Visualizations covered:

  • Histograms
  • KDE (Density) Plots
  • Joy Plots or Ridge Plots
  • Box Plots
  • Violin Plots
  • Strip and Swarm Plots
  • ECDF Plots

Data and Code:

This article uses completely synthetic weather data generated following the concepts in one of my previous articles. The data for this article and the full Jupyter notebook are available at this linked GitHub page. Feel free to download both and follow along, or reference the code blocks below.

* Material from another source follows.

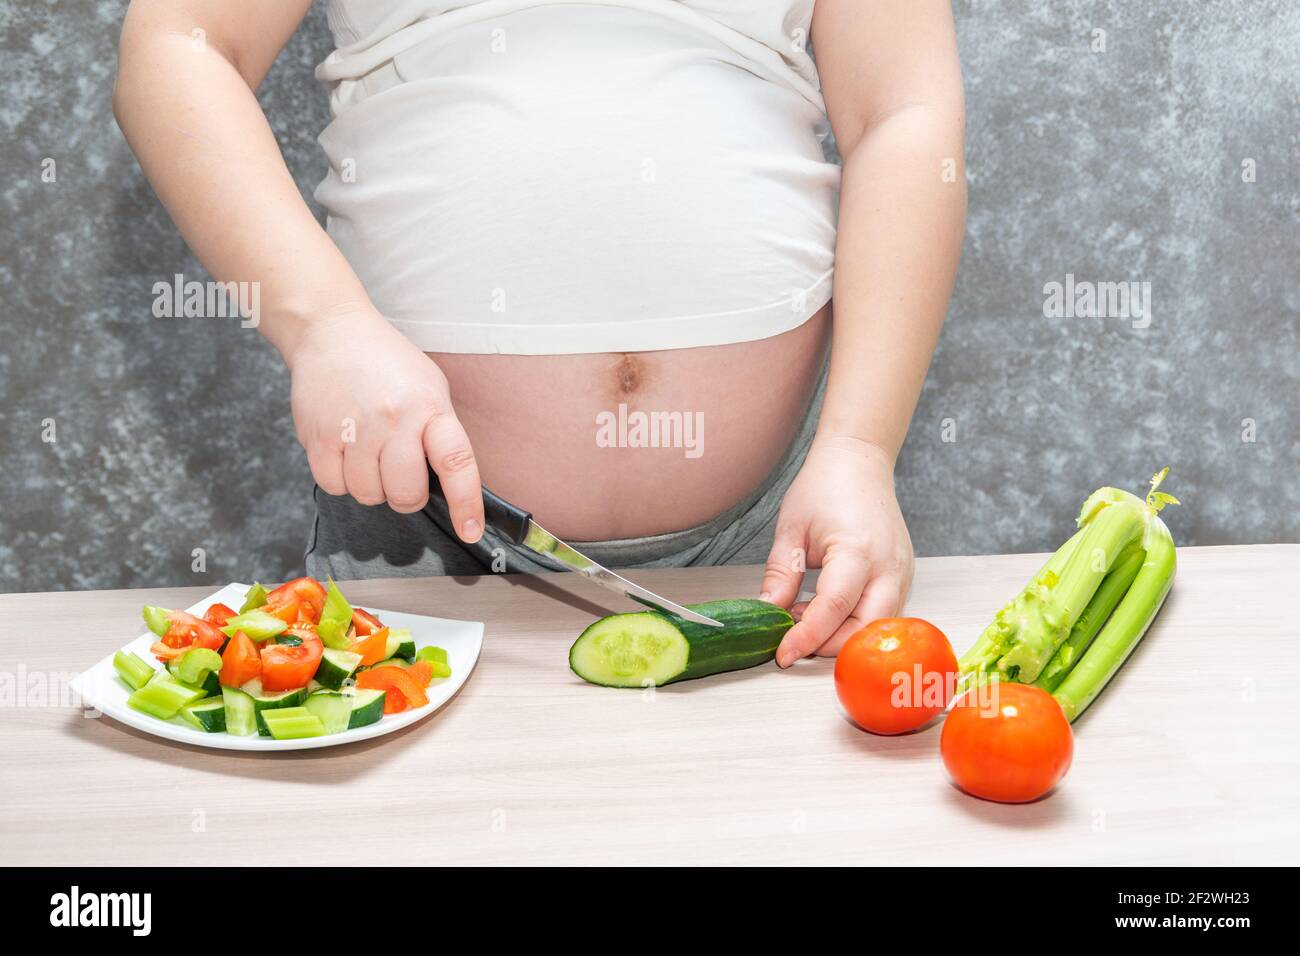 Femme enceinte coupant le concombre pour une salade verte fraîche, femme  prépare un délicieux dîner biologique à la maison, une alimentation saine  pour la future mère. Concept de h Photo Stock -

The libraries, imports, and settings used for this are as follows:

# Data Handling:
import pandas as pd
from pandas.api.types import CategoricalDtype

# Data Visualization Libraries:
import seaborn as sns
import matplotlib.pyplot as plt
import plotly.express as px
from joypy import joyplot

# Display Configuration:
%config InlineBackend.figure_format='retina'

The Data:

First, let's load in and prepare the data, which is a simple synthetic weather dataframe showing various temperature readings for 3 cities across the 4 seasons.

# Load data:
df = pd.read_csv('weatherData.csv')

# Set season as a categorical data type:
season = CategoricalDtype(['Winter', 'Spring', 'Summer', 'Fall'])
df['Season'] = df['Season'].astype(season)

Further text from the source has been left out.